Please ask for further clarification...it might even help me to figure it out on my own!
Thanks in advance



Cookie Scientist
I started off writing a long lecture on why the analysis you have in mind--which I readily acknowledge is certainly the traditional and straightforward way to handle this type of data--is demonstrably flawed and why the general strategy needs to finally die a quiet death... but the post was really starting to go far outside the scope of this thread, so I'll try to be a little more succinct and to the point. (If the post still seems a little long, well, you should have seen the first draft. :p)

By calculating proportion correct for each participant and then testing for group differences in these proportions, you ignore question-to-question variability in difficulty (e.g., there are a large number of possible ways for a participant to get 0.60 correct) and thereby implicitly treat questions as a fixed factor nested under participants.

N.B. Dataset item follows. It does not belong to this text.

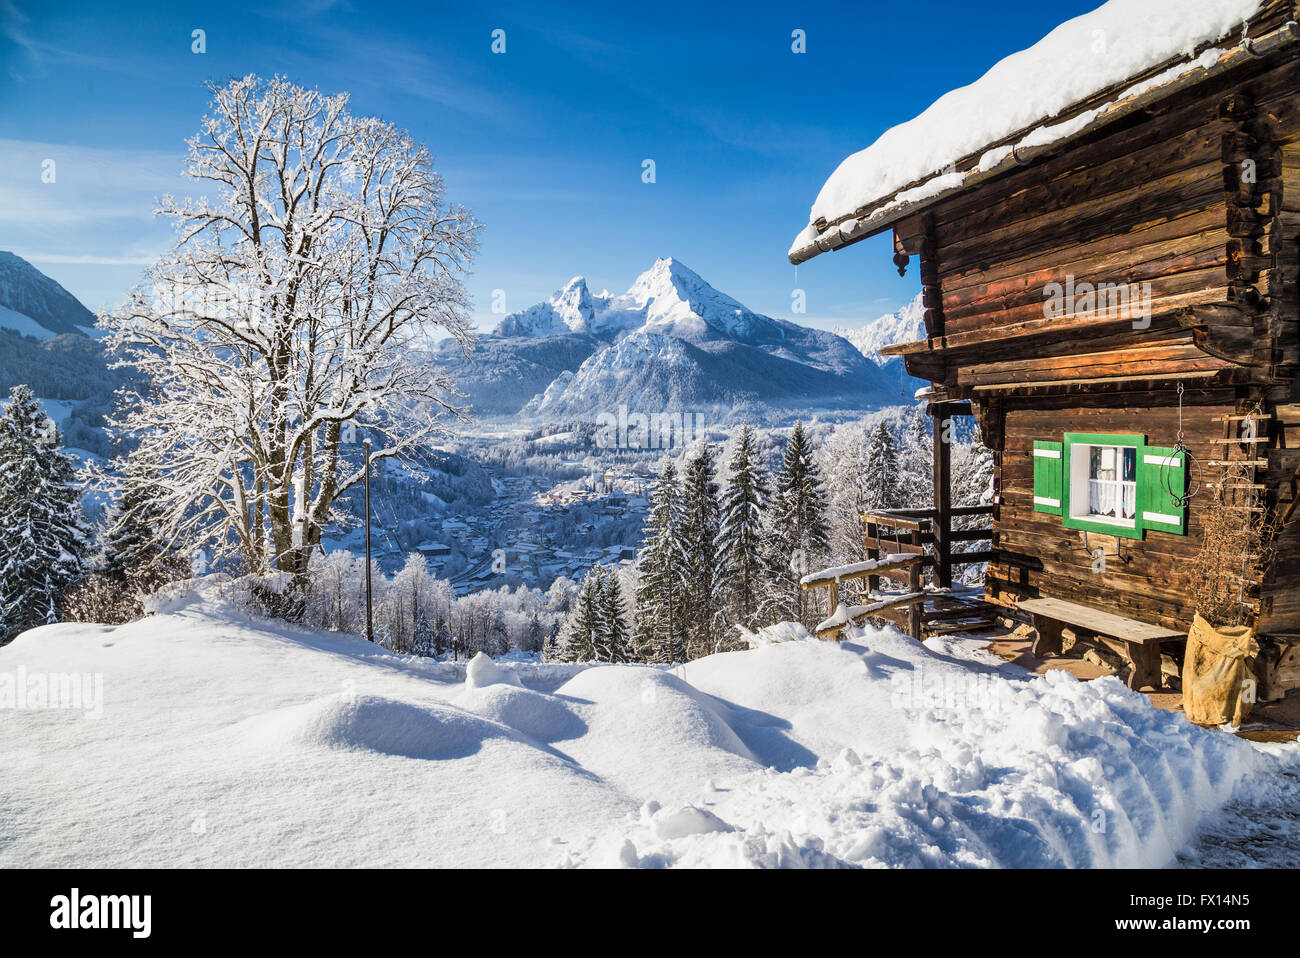 El país de las maravillas de invierno en los Alpes con chalet tradicional de montaña Foto de stock

Not only are questions not nested under participants here--every participant responds to the same set of 40 questions so clearly questions are crossed with participants--but depending on the context you're working in, you probably wouldn't be too happy about assuming questions are fixed either. Can the questions in your study reasonably be considered a sample from a larger (theoretical) population of potential questions? And might the data look a little different if you had used some other sample of questions? If yes then you need to explicitly take question-to-question variability into account in your analysis if you are to avoid systematic bias in your results.

The appropriate analysis here is a logit or probit mixed model where correct responses are predicted from the online vs. face-to-face factor, with crossed random effects for participants and test questions. This is very similar to an item response theory type of analysis (the two may in fact be equivalent here but unfortunately I haven't studied enough item response theory to know if that is actually true). Further reading and some instruction on how to go about conducting such an analysis can be found in the papers cited below.

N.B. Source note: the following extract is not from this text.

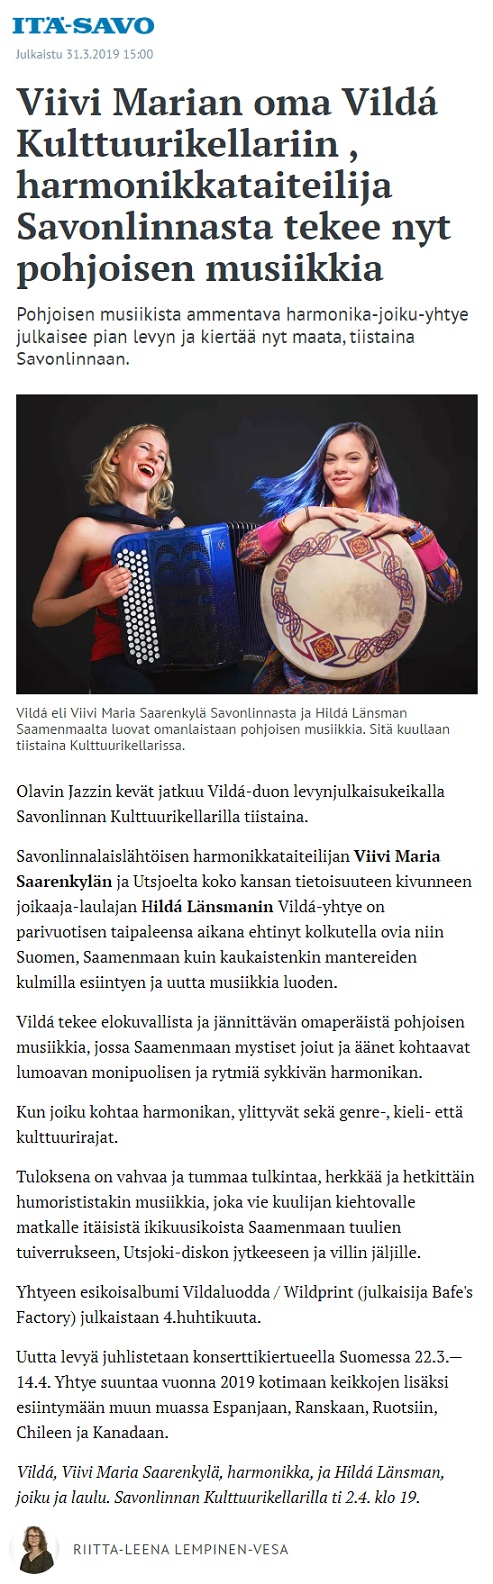 Itä-Savo (Finland), 31.3.2019

I have to stress that this is not an esoteric piece of statistical pedantry--the amount of positive bias you may be introducing in your analysis by ignoring random effects can be quite substantial depending on various details of your study. In various simulations I have conducted (albeit looking at continuous responses, not categorical), it has not been at all uncommon to see empirical type 1 error rates that exceed the nominal .05 error rate by more than an order of magnitude (!!). So doing this right matters.

Baayen, Davidson, & Bates. (2008). Mixed-effects modeling with crossed random effects for subjects and items. Journal of Memory and Language, 59, 390-412.

Jaeger. (2008). Categorical data analysis: Away from ANOVAs (transformation or not) and towards logit mixed models. Journal of Memory and Language, 59, 434-446.
Hi Jake,

Far from being a pedant, I think you're probably spot on and your input most appreciated.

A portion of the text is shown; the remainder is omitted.